Your goal → An exact copy of all the data is required, with pictures left out.

Data provided →
-- Opening Marker --
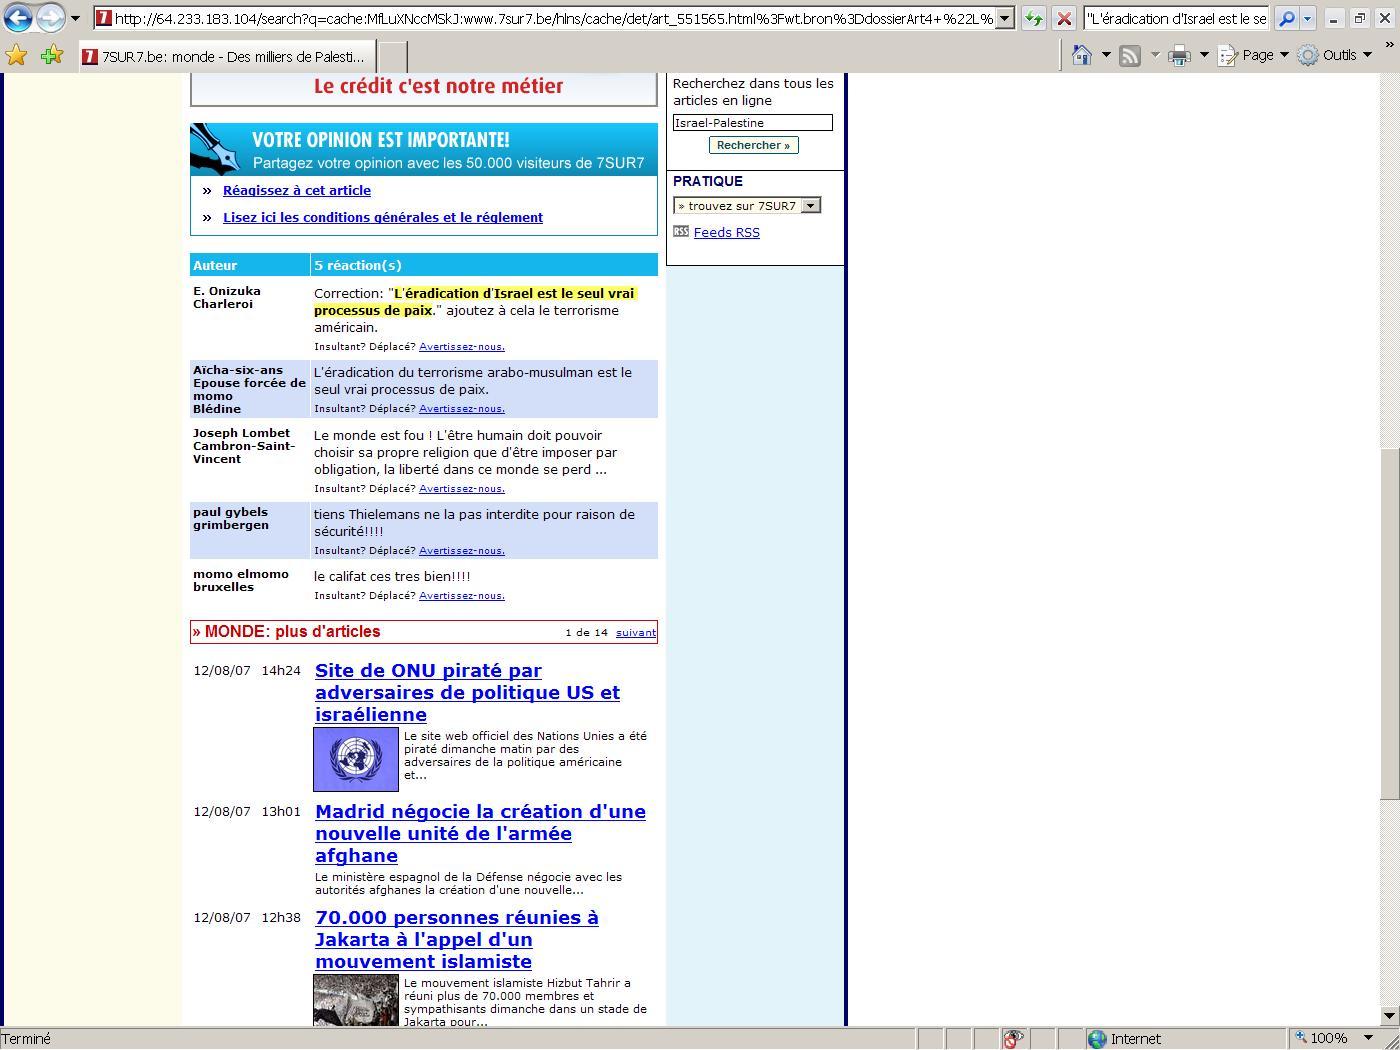 Propos antisémites tenus sur le forum internet de 7sur7
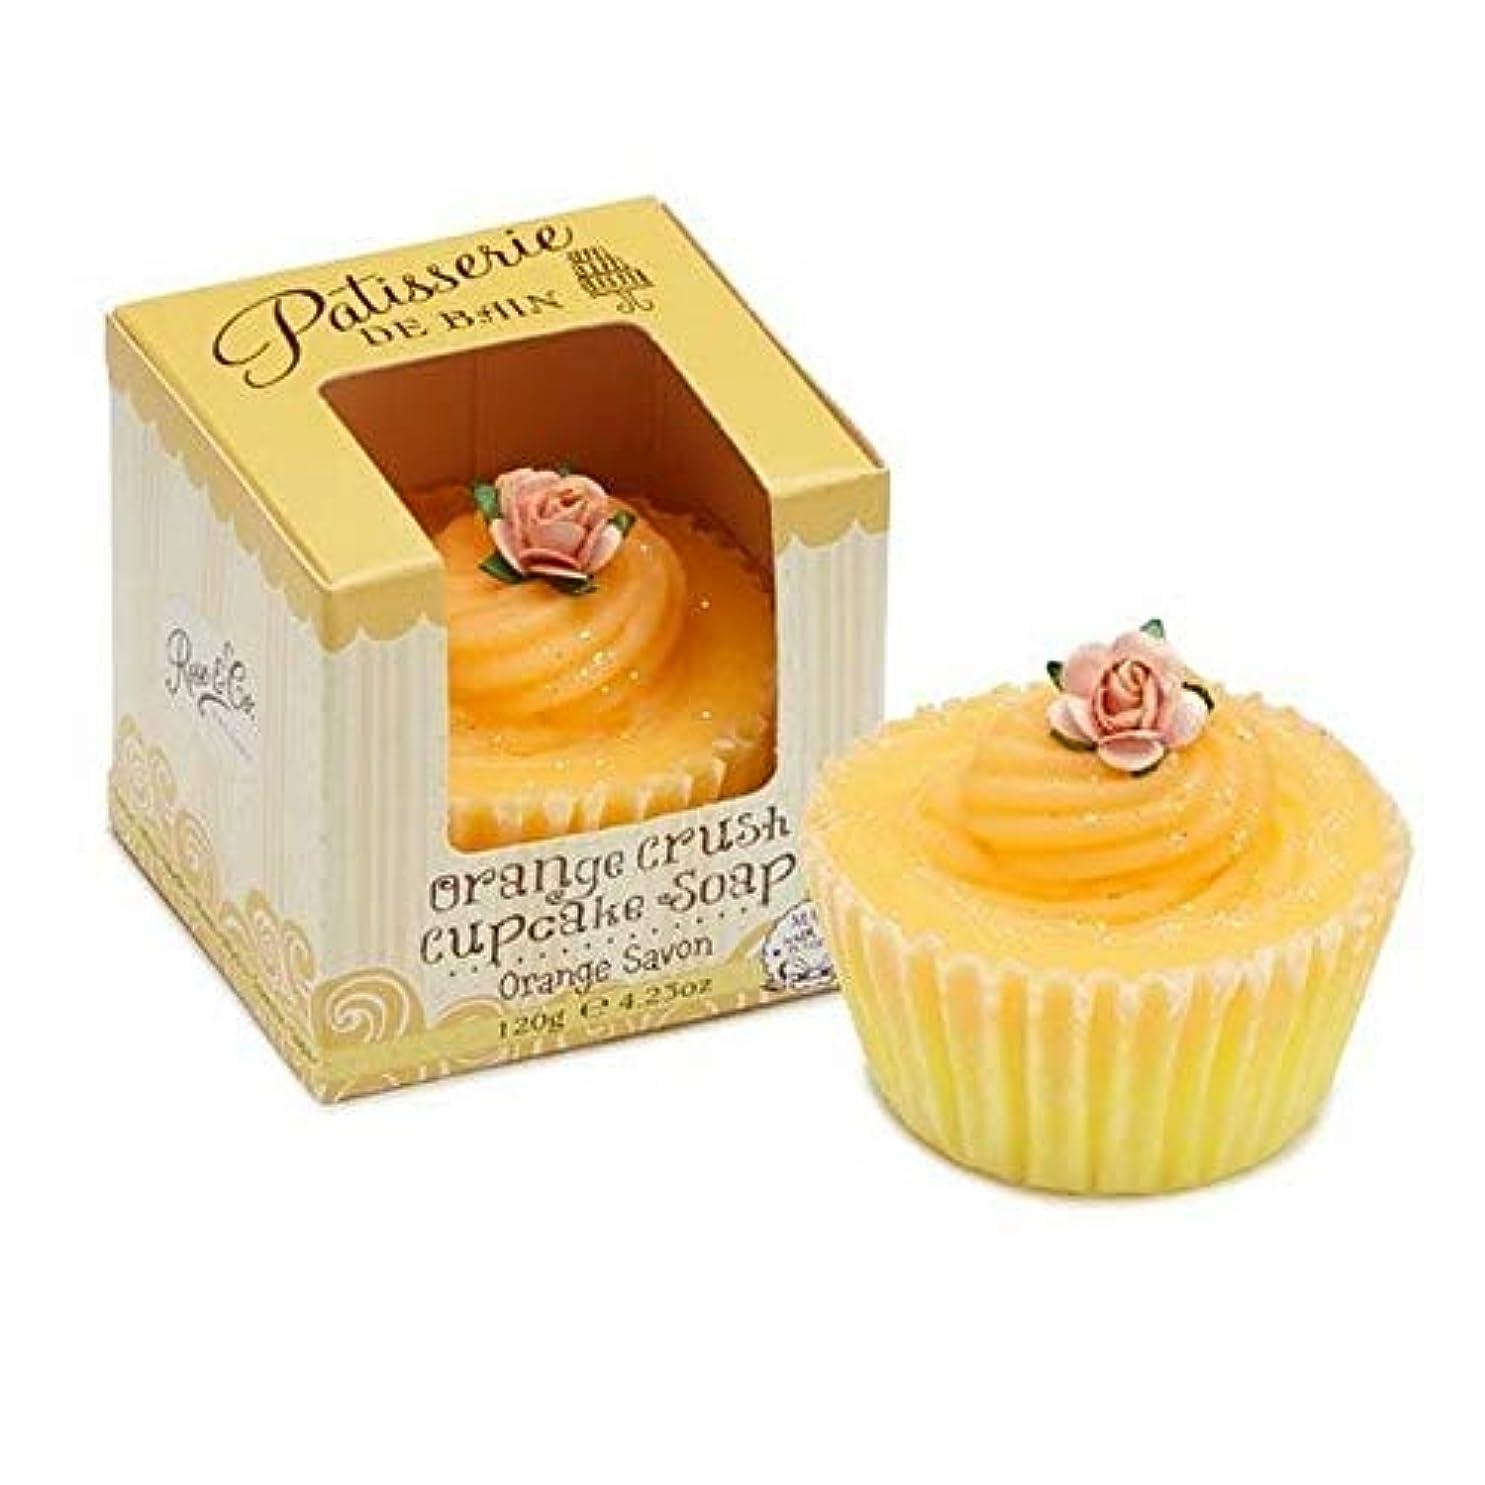 賞友だち暗殺する[Patisserie de Bain ] パティスリー?ド?ベインオレンジクラッシュカップケーキソープ120グラム - Patisserie de Bain Orange Crush Cupcake soap 120g...
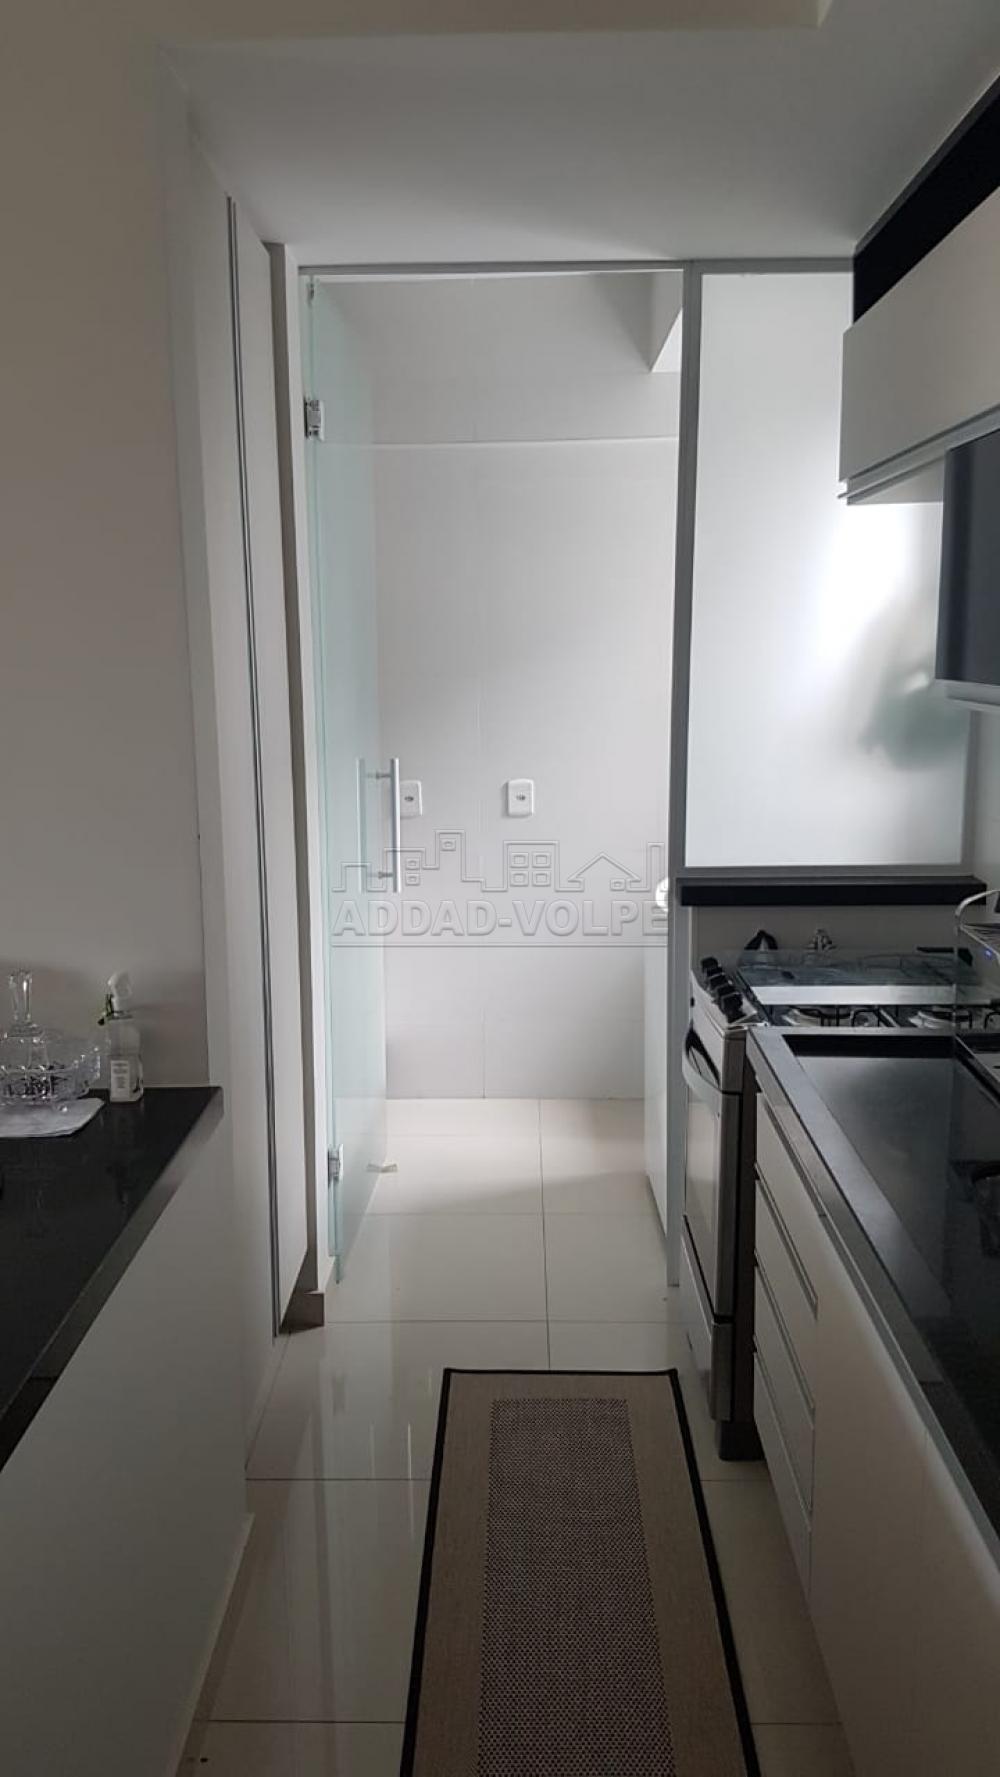 Comprar Apartamento / Padrão em Bauru apenas R$ 520.000,00 - Foto 6
-- Closing Marker --
Answer to the problem →
 Propos antisémites tenus sur le forum internet de 7sur7
 賞友だち暗殺する[Patisserie de Bain ] パティスリー?ド?ベインオレンジクラッシュカップケーキソープ120グラム - Patisserie de Bain Orange Crush Cupcake soap 120g...
 Comprar Apartamento / Padrão em Bauru apenas R$ 520.000,00 - Foto 6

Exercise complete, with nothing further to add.